Lixuan points to the big sculpture featuring Karl-Oskar and Kristina, the very symbol of 19th century Swedish immigration to the U.S.—they have been dressed up in modern Moslem garb for the exhibition.
“Watching ‘Utvandrarna’ (‘The Immigrants’—based on the book with the same name by Vilhelm Moberg), was an eye-opener for me and is for many other modern immigrants to Sweden as well,” she continues. “Most of us don’t know that Swedes too have had to leave their country. That Sweden was ever poor.”
Says Pia, who is re-reading Vilhelm Moberg’s book:
“If you see the history in migration, you can connect to what’s happening today.”

The Swedish artists who are featured in Embrace are all immigrants, but a key difference between them and “Utvandrarna” or the migration to Sweden today is of course that they all chose to come to America.
“When Somalis come to Växjö, they don’t have any SWEA networks to aid them,” says Erica. “The Swedish-American network is very special, Somalis don’t have that.”
A Somali man at the opening of Embrace, pointed to Kristina as his own, personal symbol for immigration. “She too was poor,” he exclaimed, somewhat astounded.
Lixuan mentions the importance of exchanging judgment for compassion.
“It’s so easy for us to be judgmental,” she says. “And being judgmental is natural, it’s hard for us all to go against that.”
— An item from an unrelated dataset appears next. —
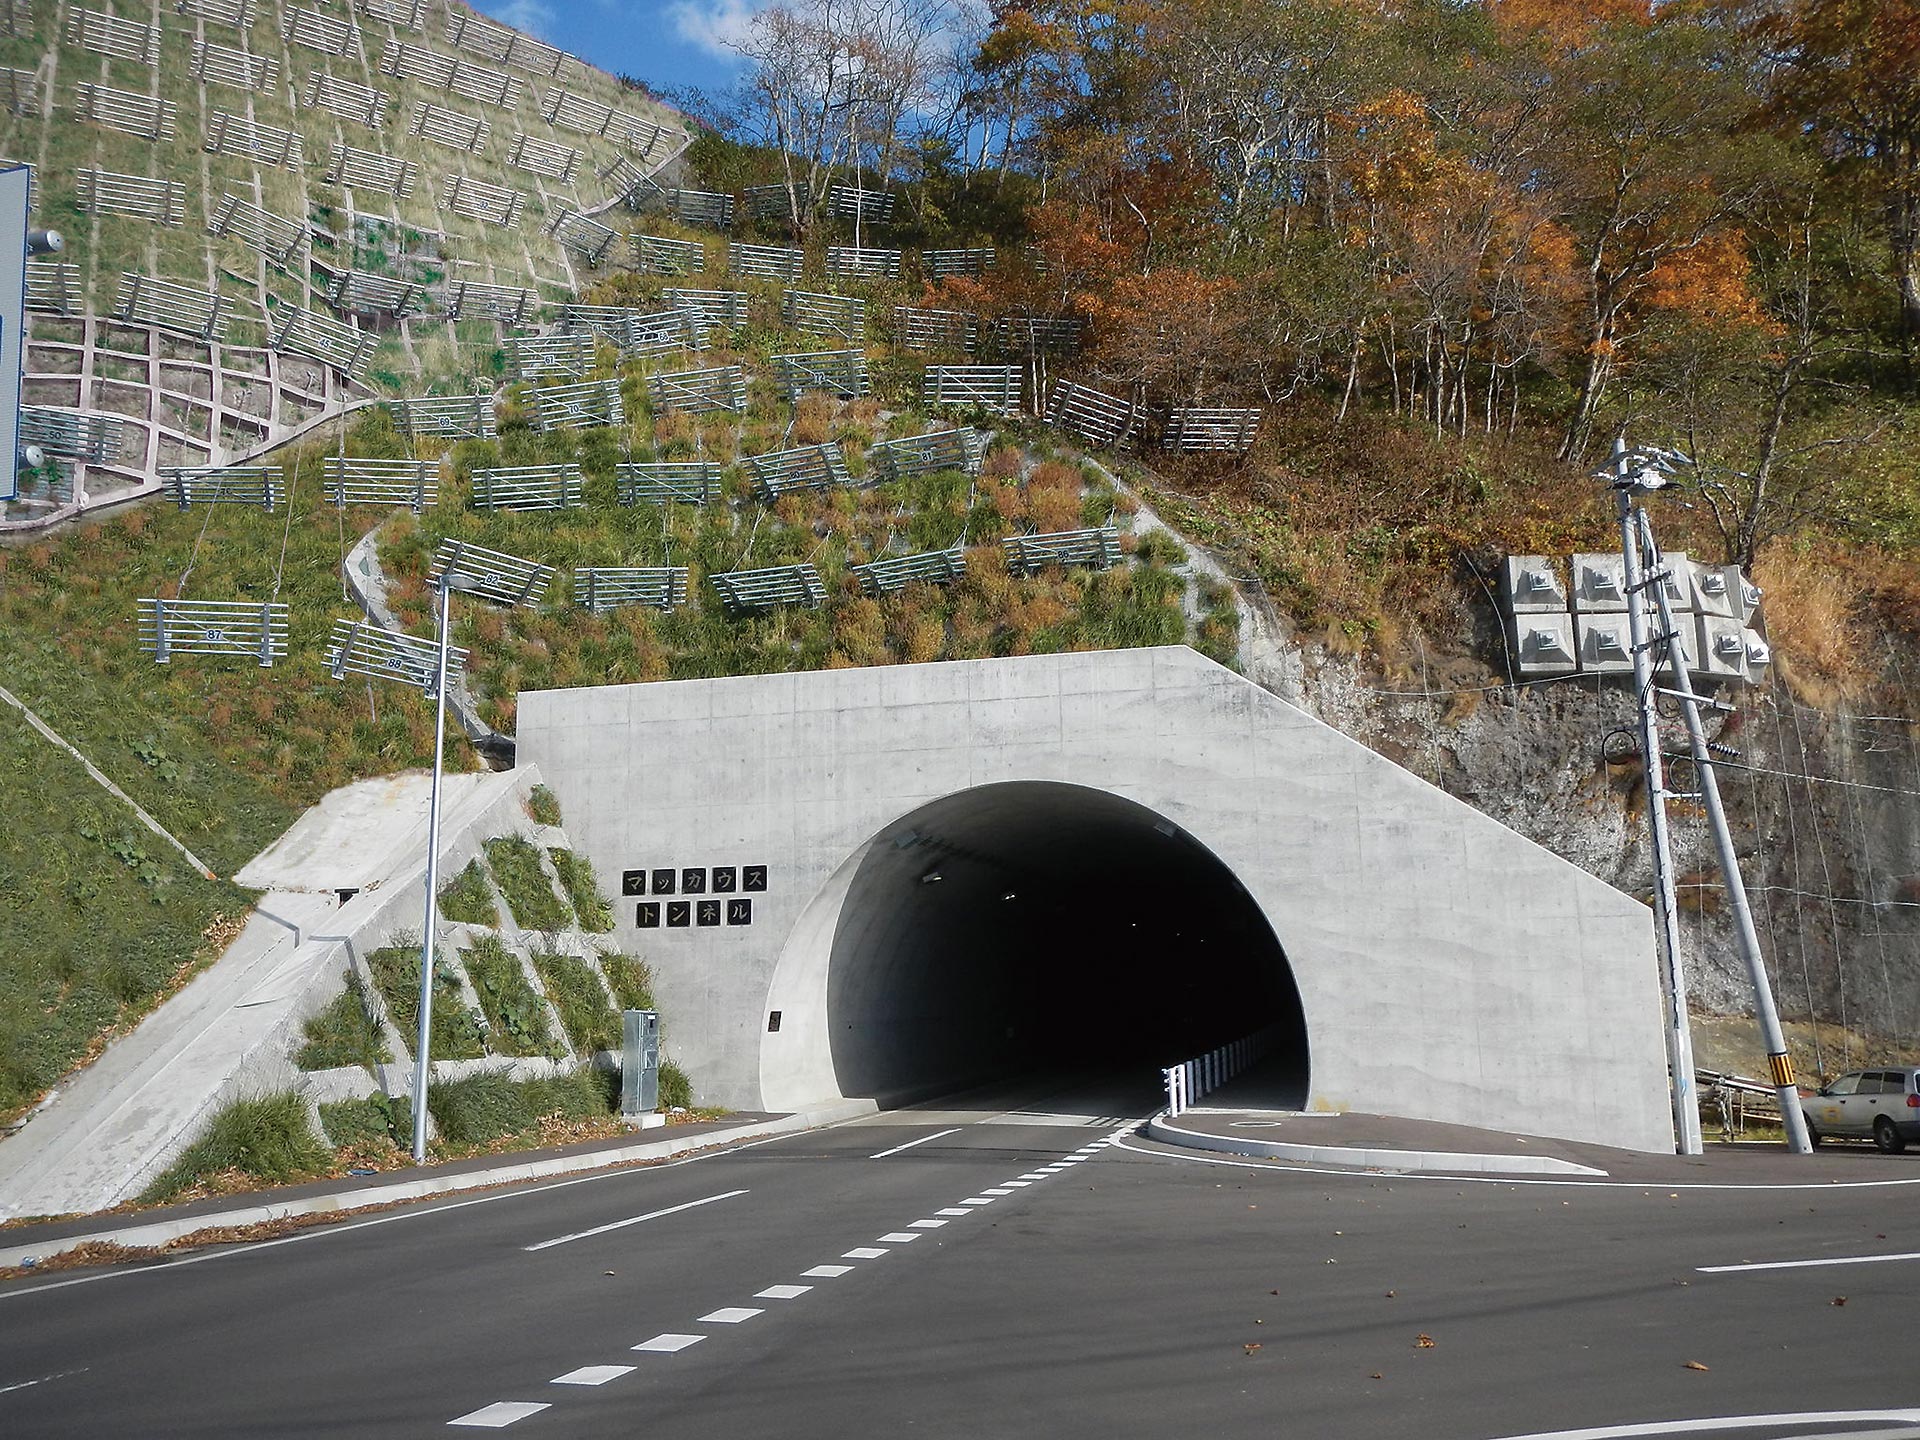 マッカウストンネル全景

We talk about the fact that the perception of Sweden in the U.S. is mostly good, even romantic. Swedes are generally well-liked.
“Being an immigrant in the U.S. has never been difficult,” I say. After all, I am an immigrant too, though I, like the Swedish artists, have chosen to come to the U.S. I have never received any help from my adopted country in any way in setting up my home, but I have certainly felt the embrace of the American people.
“It’s the reverse here,” says Lixuan. “Sweden is open and its politics generous but there’s no embrace from the people. It’s hard to engage the single Swede.”
When I use the pronoun “we” to describe Swedes, Erica corrects me.
“The collective ‘we’ in Sweden is different today. ‘We’ aren’t blue-eyed, blond and Christian anymore,” she says. “We have to be open enough to have conversations about burkhas (the long garment covering the whole body, worn by many Moslem women in public), for instance.”
The women agree that generalizing gives way to prejudice. Saying that “Swedes are this way or that way, and Somalis are this way or that way,” won’t lead anywhere. They also agree that there needs to be more sustainable changes in the Swedish society, for immigrants to properly integrate.

But Embrace is a big step. It’s more than an art exhibition. Embrace also features workshops, films, discussions and much more. It will also extend beyond Utvandrarnas Hus in Växjö and open in Alvesta (on September 22) and in Ljungby (on October 1).
“Last night at the opening, we saw a lot of hope,” says Lixuan. “Embrace is a dream of a future society filled with tolerance and love.”
Erica, Lixuan and Pia hope to take Embrace on the road, first to other places in Sweden, but also, eventually, to the U.S. In order to do so, however, they need more funding. The exhibition in Småland will run through January 2012.